Network of international online casinos and online gambling companies

K8 (also known as K8 entertainment group) is a network of international online casinos and online gambling companies, with over 15 million users. K8 has offices in almost 50 countries in the world; including the United Kingdom, The Philippines and Vietnam. K8 promotes itself by its sponsorships of UK premier league teams, West Bromwich Albion FC and Manchester City, and German football team FC Schalke 04.

== Overview ==
K8 operates like a virtual casino, offering slots, table games such as Black Jack, poker and roulette, live dealers and sports betting, for each one of their websites.

In Asia, their most popular sites are Vietnamese-based, K8vina and K8vn. K8 casino is licensed under First Cagayan Philippines, to operate live betting, and operates according to the rules promulgated by the Regulatory Authority.

Their European expansion began in November 2015, with the establishment of UK-K8, whose headquarters are located in Birmingham, UK. They are licensed by the UK Gambling Commission. UK-K8 is known for its use of the EveryMatrix’s platform to operate its website, the partnership was announced in early 2017, and was integrated in their affiliate program and also gambling solutions. To appeal to British users' needs, they also upgraded their sports betting with Golden Race platform, this means that bet settlement operations happen in real-time, due to Golden Race and EveryMatrix's sportsbook solutions, and has increased its reliability and usage amongst European users.

K8 used a variety of marketing methods to introduce UK-K8, most notably the sponsorships of Premier League football teams.

== Sponsorships ==
K8 was the main partner and sponsor for Kunlun fighting, a Chinese MMA event. Internationally, they are most well known for their football sponsorships, they also appointed German footballer, Michael Ballack as brand ambassador from 2015 to 2016, which coincided with their sponsorship of German football team FC Schalke 04.

In 2015, the online entertainment company became a sponsor of the Copa America in Chile, the third largest continental football event in the world.
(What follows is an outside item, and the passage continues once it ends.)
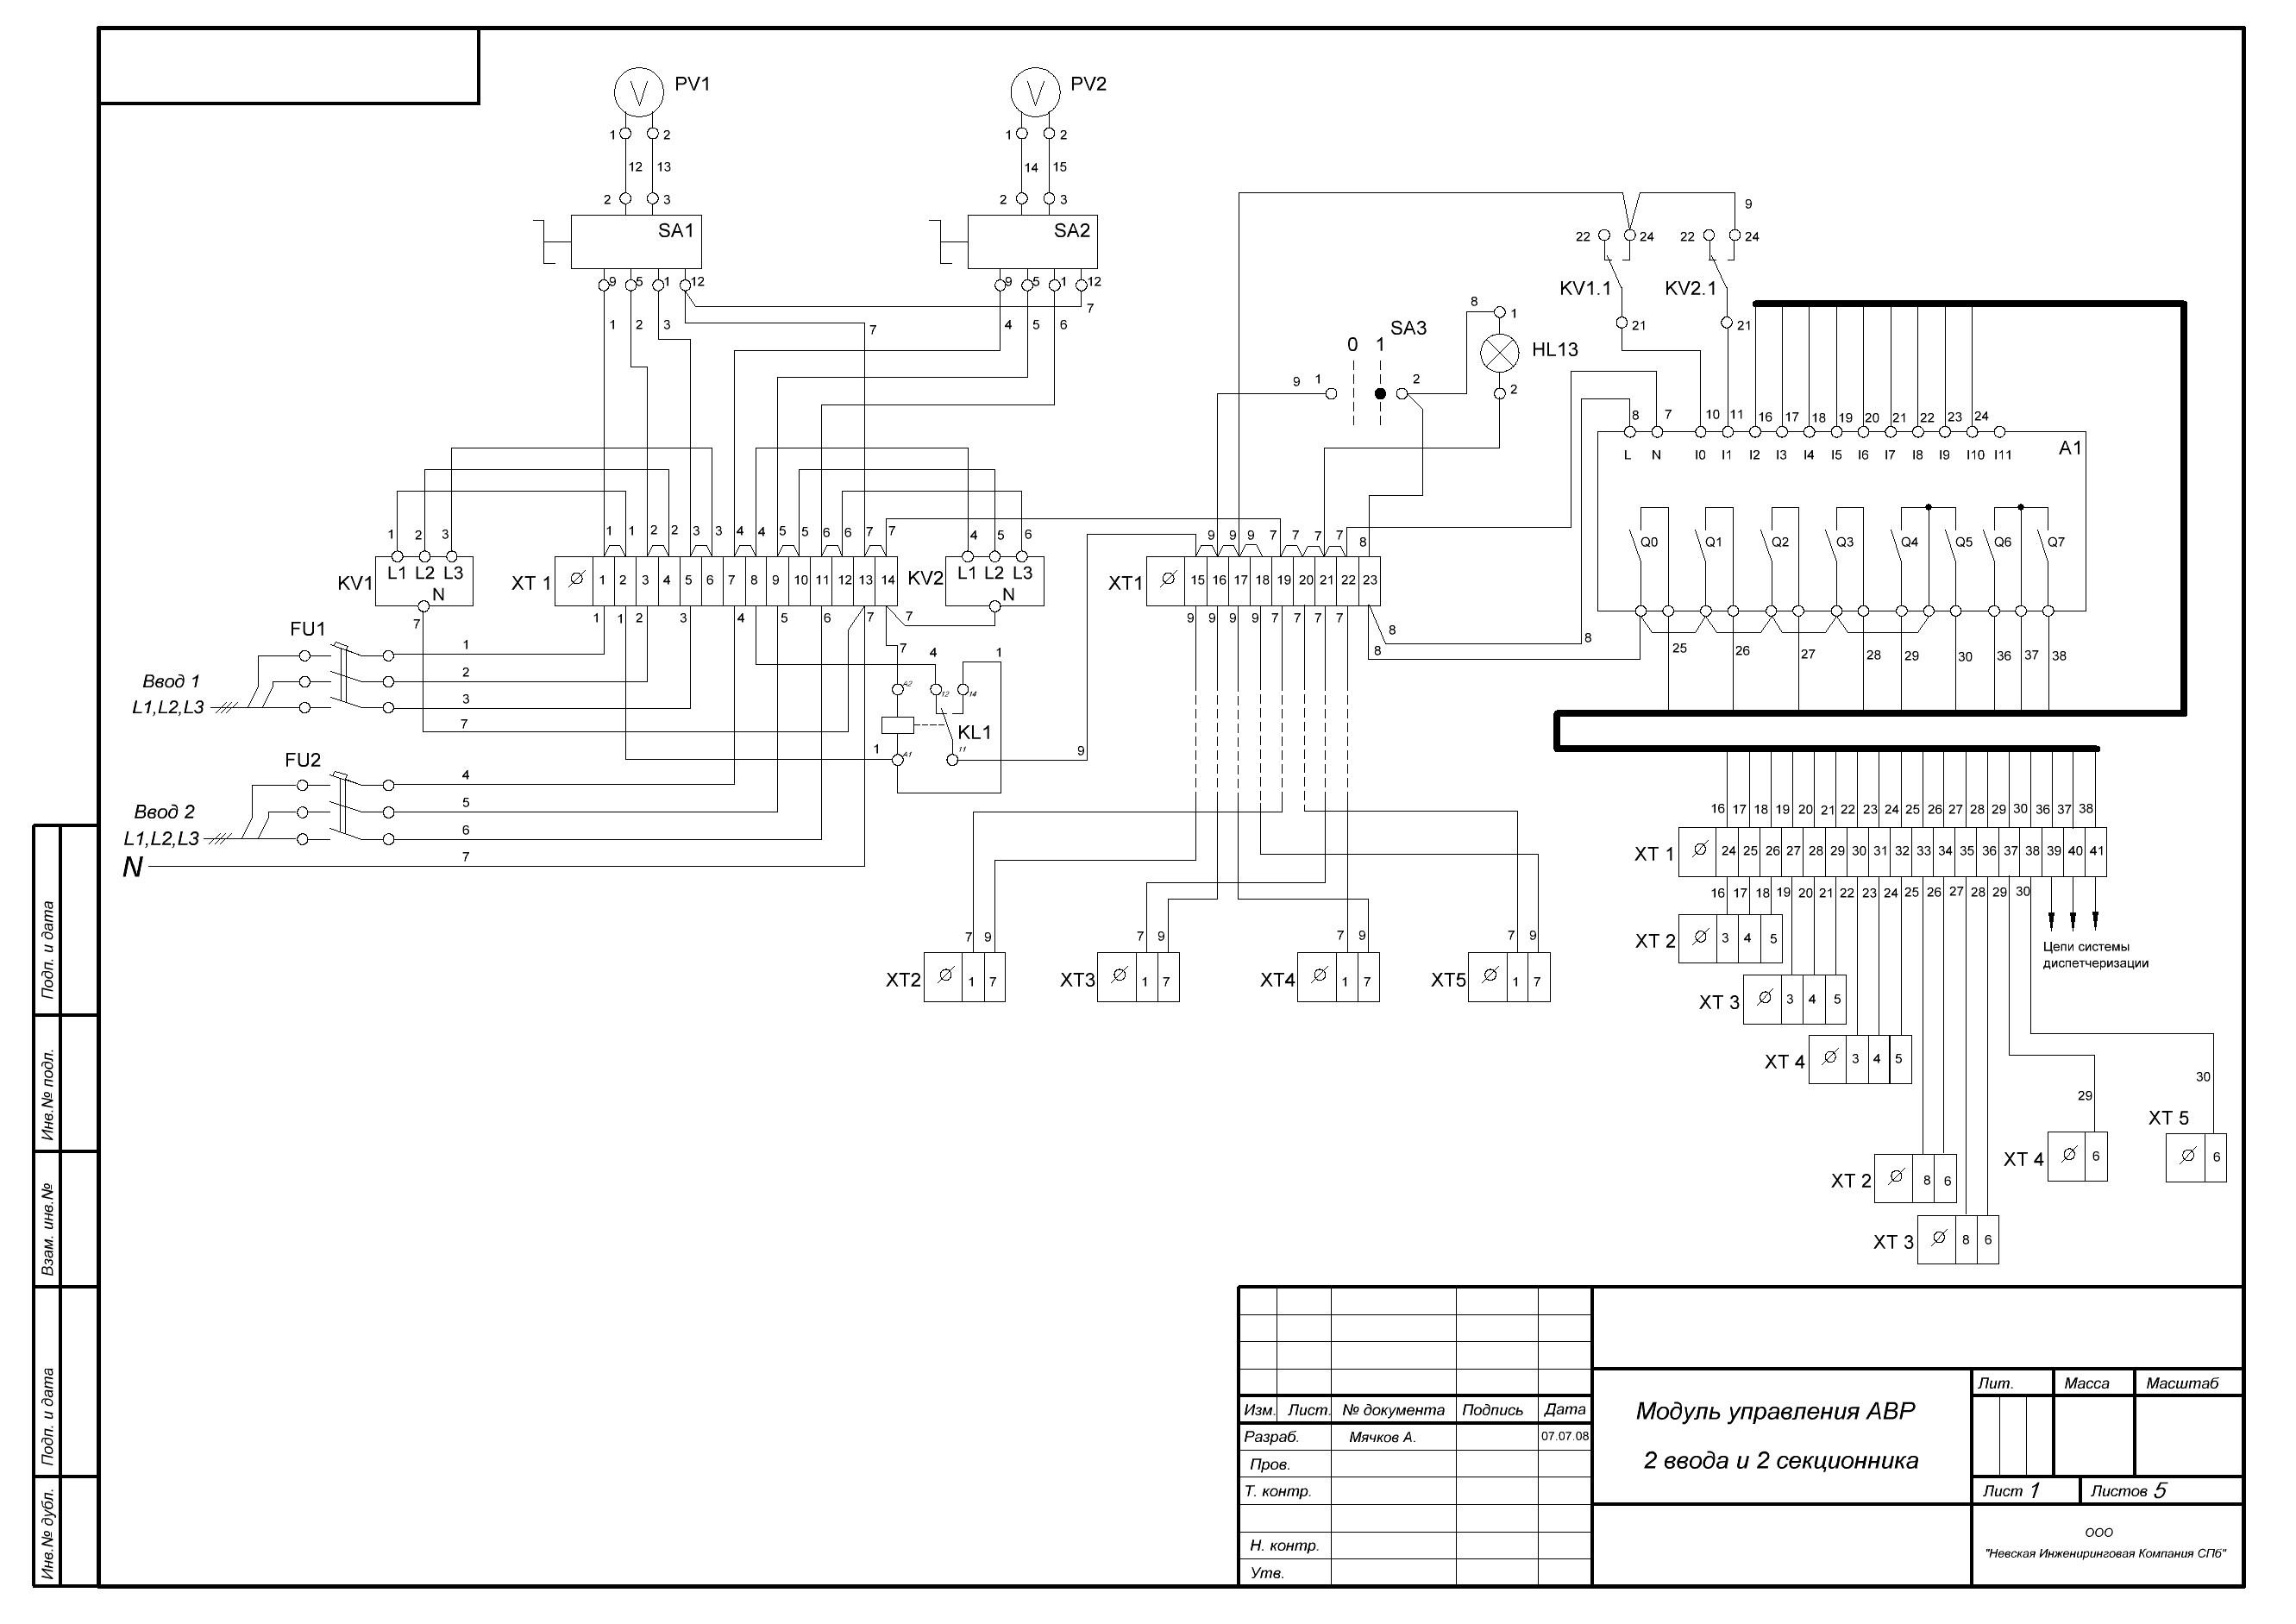 Схема авр на 2 ввода в автокаде

In 2016, K8 became the kit sponsor for the West Bromwich Albion FC, a Premier League football team. This became the football team's biggest sponsorship to date, which reportedly cost K8 over £5 million. The partnership was mostly used as a marketing strategy to bring awareness to the European extension of the K8 group; UK-K8. The sponsorship deal lasted only one season.

June 21, 2017, K8 announced a sponsorship agreement with Premier League club Manchester City. The multi-year deal includes advertisements on digiboards at Manchester City's Etihad Stadium, and the right to offer trips and experiences to the public to meet the team.
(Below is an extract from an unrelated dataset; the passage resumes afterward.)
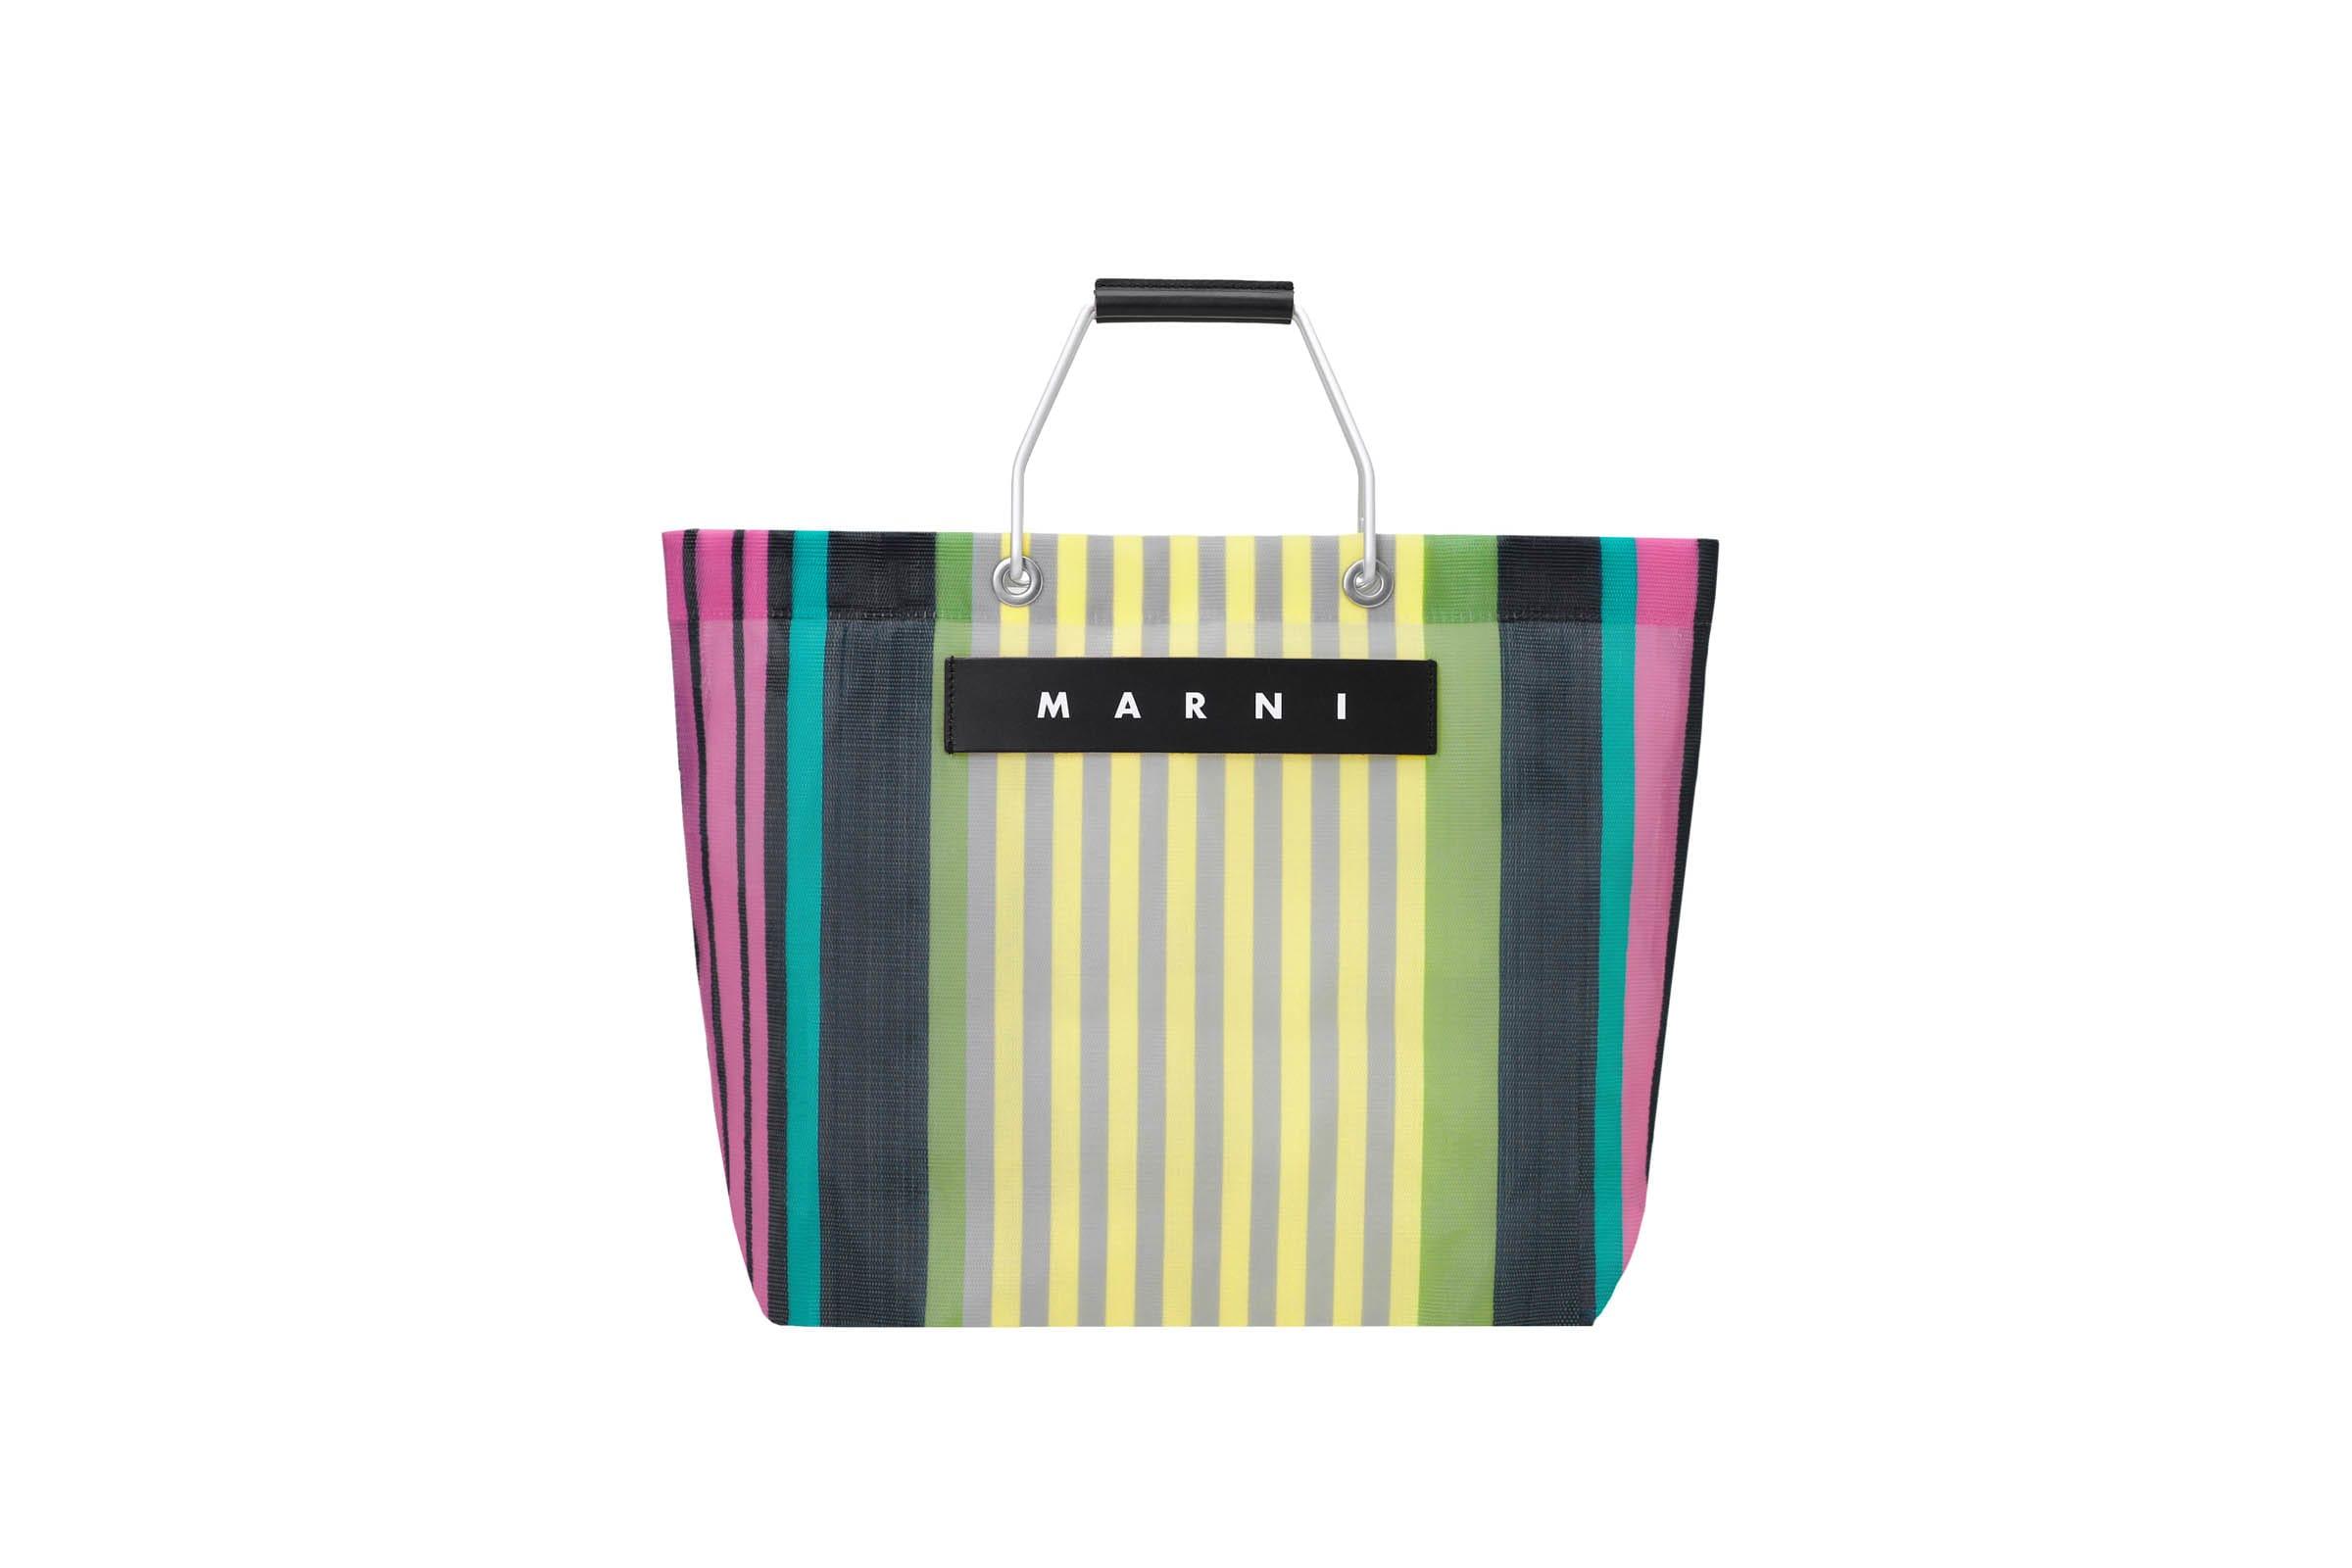 c88b910a9cf4 マルニが「マルニ マーケット」開催、人気のピクニックバッグや限定商品 ...

September 26, 2017, K8 announced a sponsorship agreement with Championship club, Cardiff City. The multi-year deal includes betting booths at Cardiff City Stadium, and the right to offer trips, tickets and experiences to the public to meet the team.
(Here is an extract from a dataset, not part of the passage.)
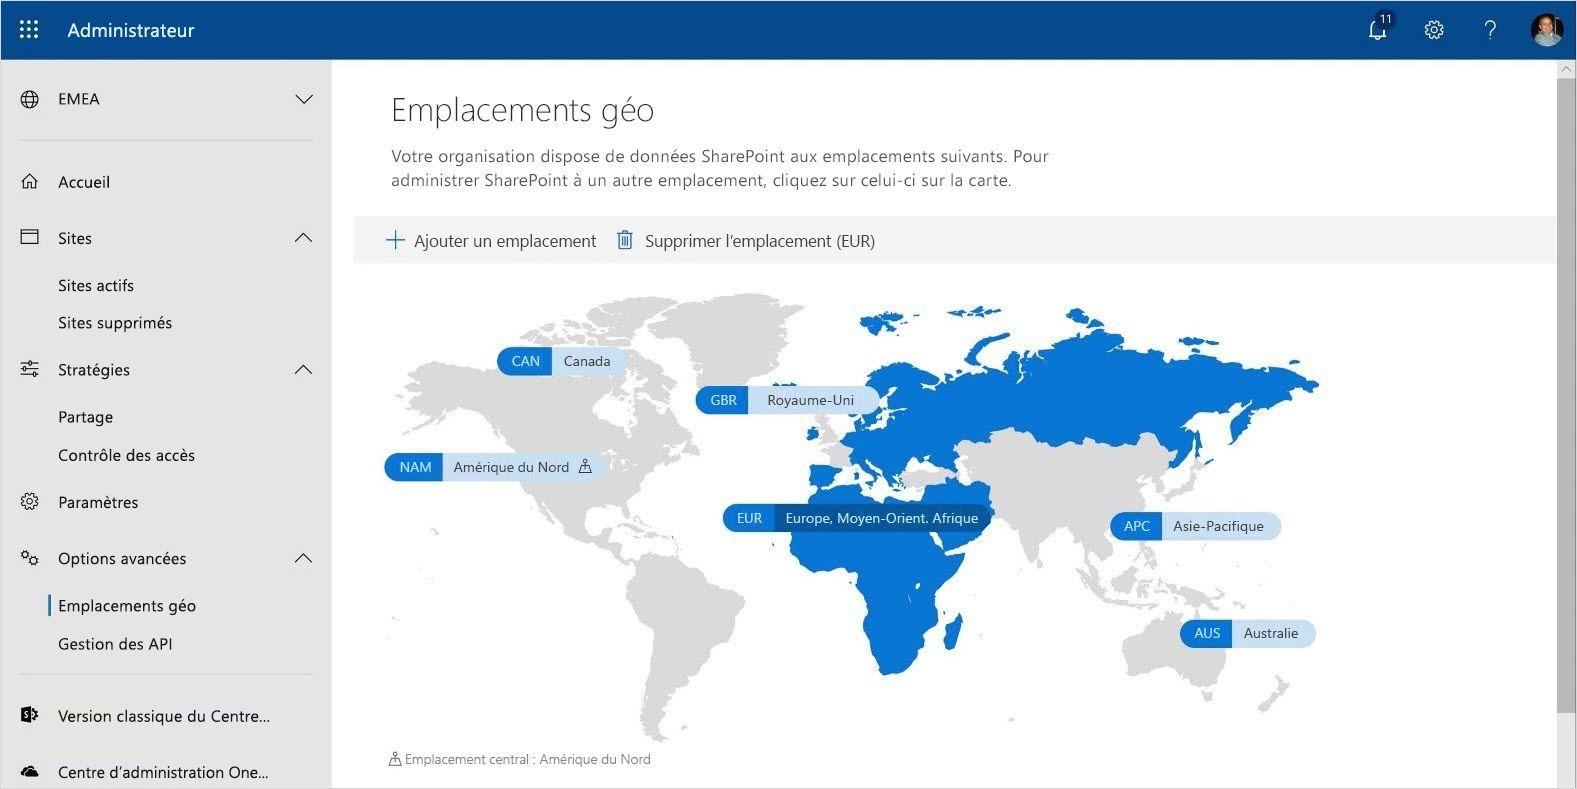 Image montrant le fonctionnalités multigéographiques d'Office 365.

November 1, 2024, K8 and Atlético de Madrid have reached a sponsorship agreement for the next two seasons.

== Controversies ==

K8 is part of the recurring theme of increasingly larger numbers of gambling companies sponsoring Premier League teams. In the 16/17 season, more than 50% of sponsorship shares were held by betting companies, K8 being one of them. Also including their competitors, Dafabet and Bet365. Many were skeptical of K8's decision to sponsor Manchester City FC, due to the UK government's decision to review the gambling sector, to prevent over exposure to gambling, and to prevent the increasing number of gambling addiction. which has increased by 0.3% over the past three years.

On the same day that K8 signed as a sponsor for Manchester City, UK's Football Association announced that it will end all partnerships with betting companies, in light of recent betting incidents and to combat addictions.